The second leg of The Ocean Race Europe from Cascais/Portugal to Alicante/Spain offered the crews of the Imoca fleet the full range of joys and sorrows in offshore sailing: gale force winds and hard waves against, total calm and the search for the little breeze, collisions, defects, lack of sleep. In the end, it was another close fight for the podium. A fight that Offshore Team Germany was able to win after fourth place in leg one. The team around skipper Robert Stanjek (Berlin) crossed the finish line in second place behind “LinkedOut” (France), proving that the non-foiler can keep up with modern competitors – despite some technical problems along the way.
The excitement after the start, when the favoured team of “11th Hours Racing” collided with a small motorboat and returned to the harbour with a damaged foil (nobody was injured on the yacht or on the motorboat), had to be quickly shaken off by the other crews on this second of three legs. For the race headed rapidly south, past Cape San Vincente towards Gibraltar. Here was the expected hard headwind with 40 knots at times and a hard wave that gave the leading crews a good shake as they crossed the strait on the African coast along the traffic separation area. Meanwhile, “11th Hours Racing” came from behind without the port foil that had been removed in Cascais, but with good conditions and finally caught up with the fleet in the Mediterranean.
Offshore Team Germany, meanwhile, was plagued with completely different problems. “It was a really eventful few hours,” reported grinder Phillip Kasüske, clearly tired from the boat. “We had a good start with a fast downwind ride. Between Portugal and Spain it was tricky. In the Strait of Gibraltar we had strong headwinds and had to dodge the constant shipping traffic. Unfortunately, we also bumped into what we think was a very large shark. This knocked our starboard centreboard backwards and left slight damage to the lead.” In Alicante, this damage will now have to be examined in more detail. However, the handicap could be mastered until the finish in Alicante.
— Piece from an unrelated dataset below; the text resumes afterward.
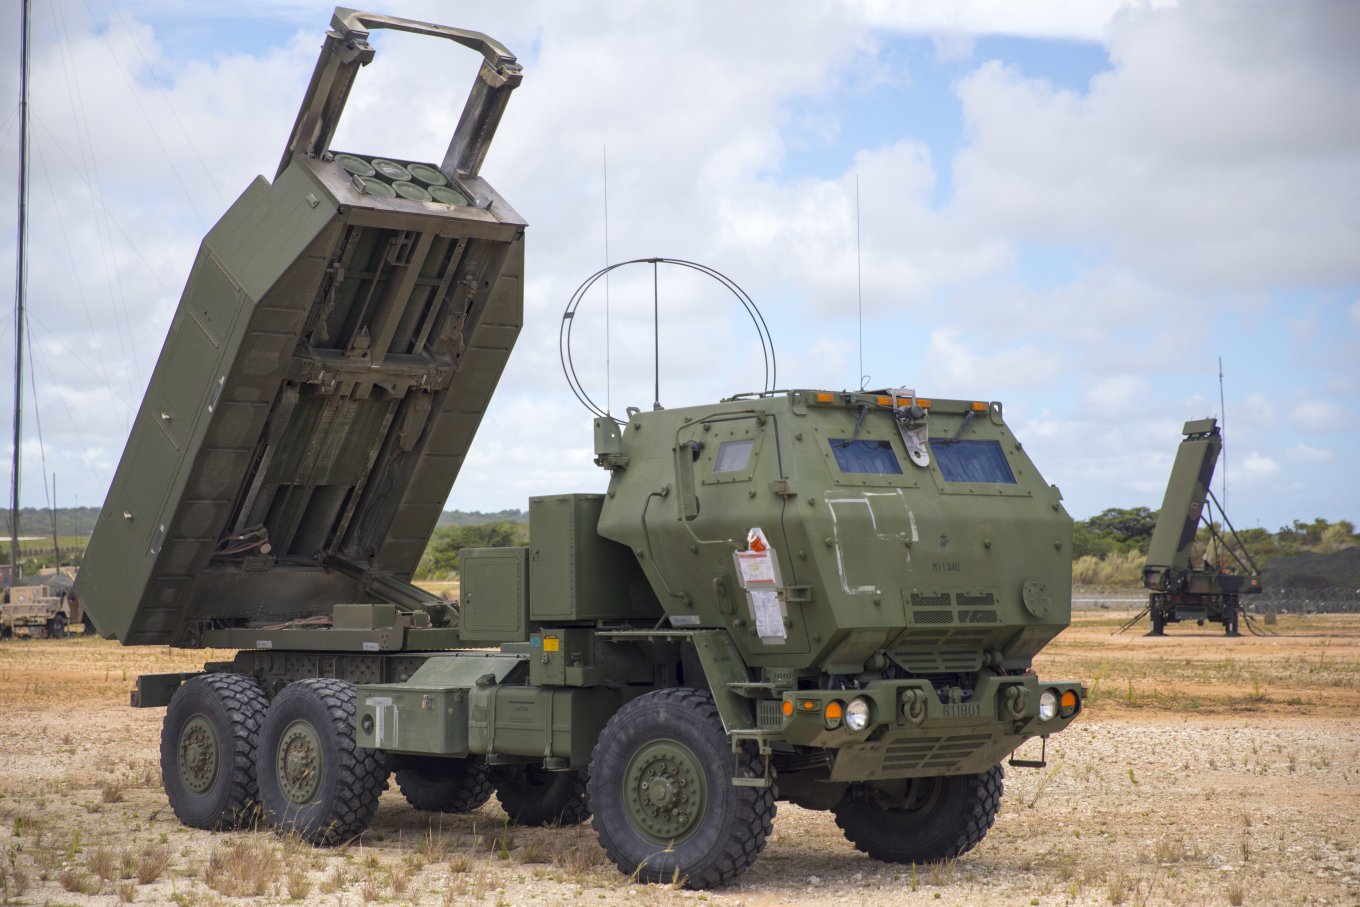 the Pentagon Explained What Complicates to Send More, Defense Express, Ukrainian Armed Forces CinC Says M142 HIMARS is Helping Stabilize Frontline with russians

But it did not remain with this damage. For in the stormy conditions of Gibraltar there were further losses.”We lost our wind electronics, so we no longer have any wind data available,” Robert Stanjek reported after the tough passage of the strait. “The only thing we can still retrieve is our boat speed. We now have to steer ourselves throughout, as we can no longer use the autopilot. That’s really tough, especially at night when you can only rely on boat speed data.”
The OTG also had to cope with two badly placed tacks that led the crew into the doldrums, slipping back from temporary leadership to fifth place. Although the competitors had built up a small lead in the meantime, the team with Stanjek, Kasüske, Annie Lush and Benjamin Dutreux did not give up, fought their way back and even managed to climb back onto the podium on the third night.
The last leg towards Alicante then became a nail-biter once again in the weak wind. While “LinkedOut” (France) was heading for a safe victory, “Corum L’Épargne” (France) was looking for luck close under land. Further out to sea, the German “Einstein” and “Bureau Vallée” (France) and “11th Hour Racing” (USA) had a close speed match. The course of the “Corum” finally proved to be a mistake. The French had to let go.
While “LinkedOut” celebrated its victory off Alicante at 1.44 pm, “Einstein”, “11th Hours Racing” and “Bureau Vallée” emerged against the sunlight. And the white boat of the OTG team had the bow in front.
While the US team did not miss the missing foil in the light winds and provided pressure, the French could not catch up. But also “11th Hours Racing” could not pass anymore despite their strong comeback after the start collision. At 2:03 p.m., Robert Stanjek, Phillip Kasüske, Annie Lush, Benjamin Dutreux and Onboard reporter Felix Diemer celebrated second place on the second leg of The Ocean Race after fourth place at the start and victory in the Coastal Race in Cascais. LinkedOut”, “11th Hour Racing” and OTG are now tied at the top of the overall standings with nine points each.